(Photo : Mireille Dabée)
Il n’est pas rare que des gens l’arrêtent en rue pour lui témoigner leur admiration. Ils l’ont vue jouer dans telle ou telle pièce et ne sont pas prêts de l’oublier.
Sur les planches depuis 1946, Suzy Falk, la doyenne de nos comédiennes belges (elle est née le 23 novembre 1922), a défendu presque tous les auteurs dramatiques dans quasi tous les théâtres du Royaume et sous la direction des metteurs en scène les plus exigeants. Impossible de résumer sa carrière en quelques lignes. Impossible aussi d’essayer de la définir, car elle-même en serait bien incapable : « J’ignore qui je suis, mais je cherche ! » répond-elle, si on lui pose la question. S’il ne fallait épingler qu’un seul personnage, parmi les centaines qu’elle a incarnés sur scène, ce serait sans doute « Mère Courage », son rôle le plus « costaud » qui lui a valu, à l’époque (vers 1965-66), les honneurs de « Paris Match ».
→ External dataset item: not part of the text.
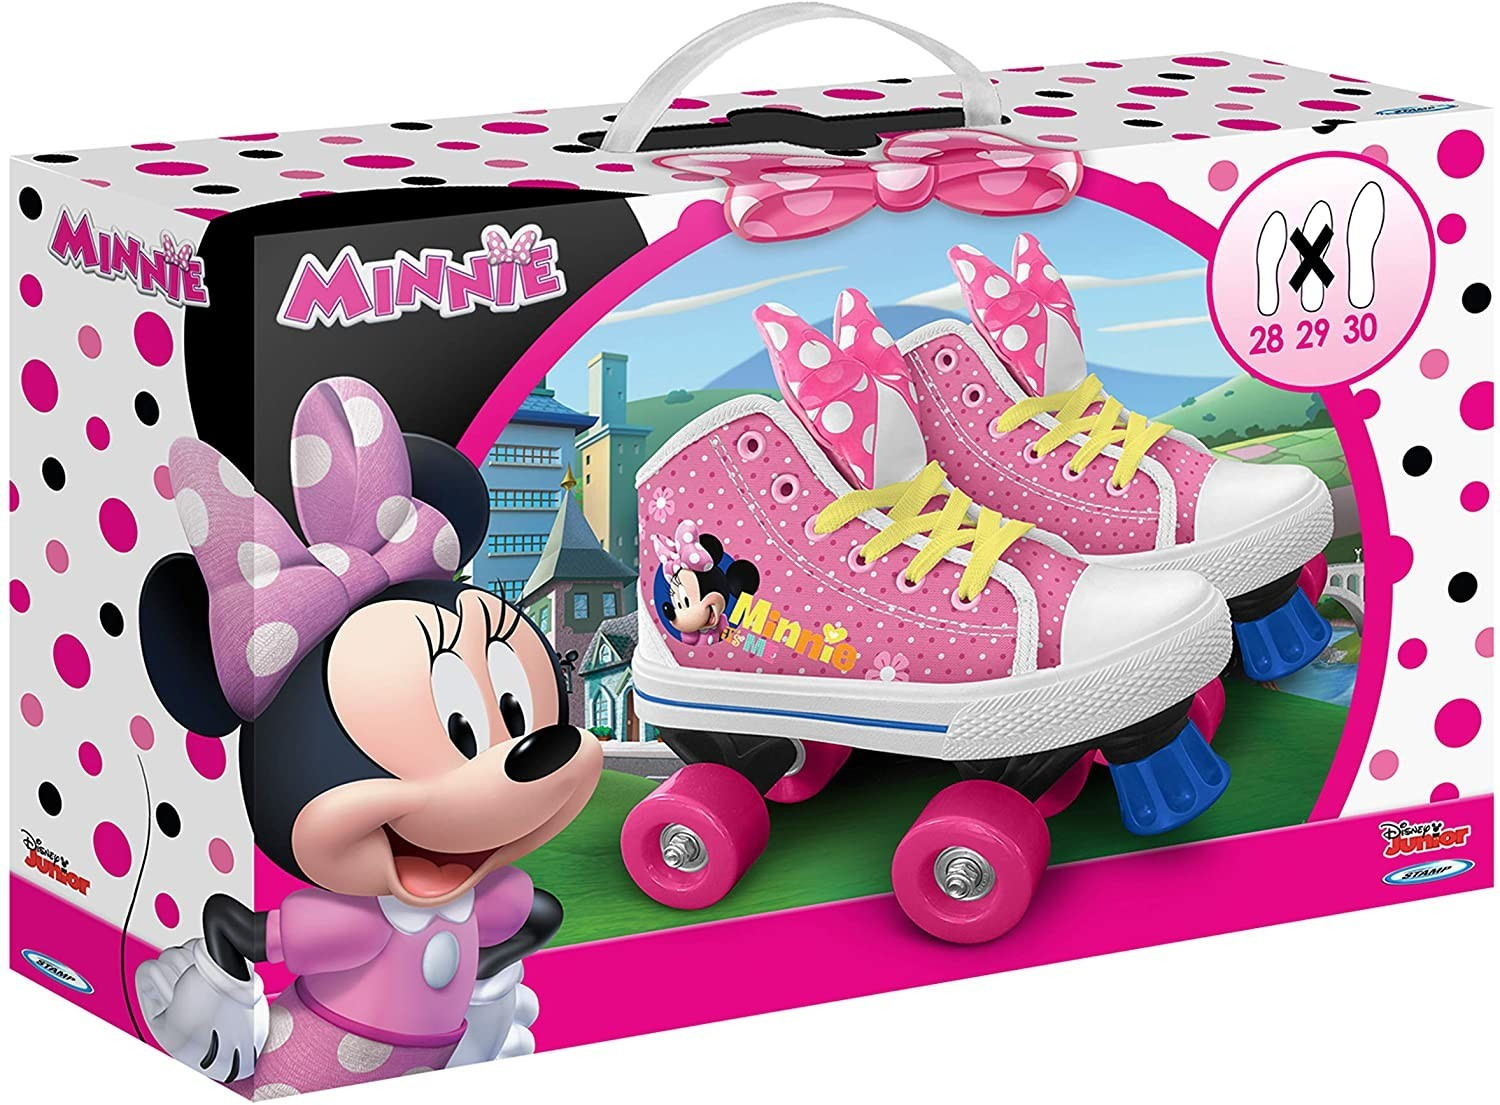 Disney patins à roulettes Minnie Mouse filles rose/blanc - Roller

Dans son spectacle « Suzy raconte », qu’elle assure seule et met en scène, la comédienne joue son propre rôle, c’est-à-dire qu’elle invite le spectateur à découvrir des bribes de son vécu – quotidien, carrière, voyages, expériences diverses. Au gré de petits papiers, soigneusement mélangés dans un chapeau*, et que le public est invité à tirer au sort, les anecdotes se succèdent, sans que l’on voie le temps passer. La plupart sont savoureuses, voire désopilantes, mais pas toutes (on songe, par exemple, aux épisodes liés à la Shoah). Comme il s’agit d’improvisations – Suzy y tient et refuse que ses histoires soient figées sur le papier – le public des habitués, ses « fans », comme elle s’amuse à les qualifier, peut les entendre plusieurs fois sans jamais se lasser.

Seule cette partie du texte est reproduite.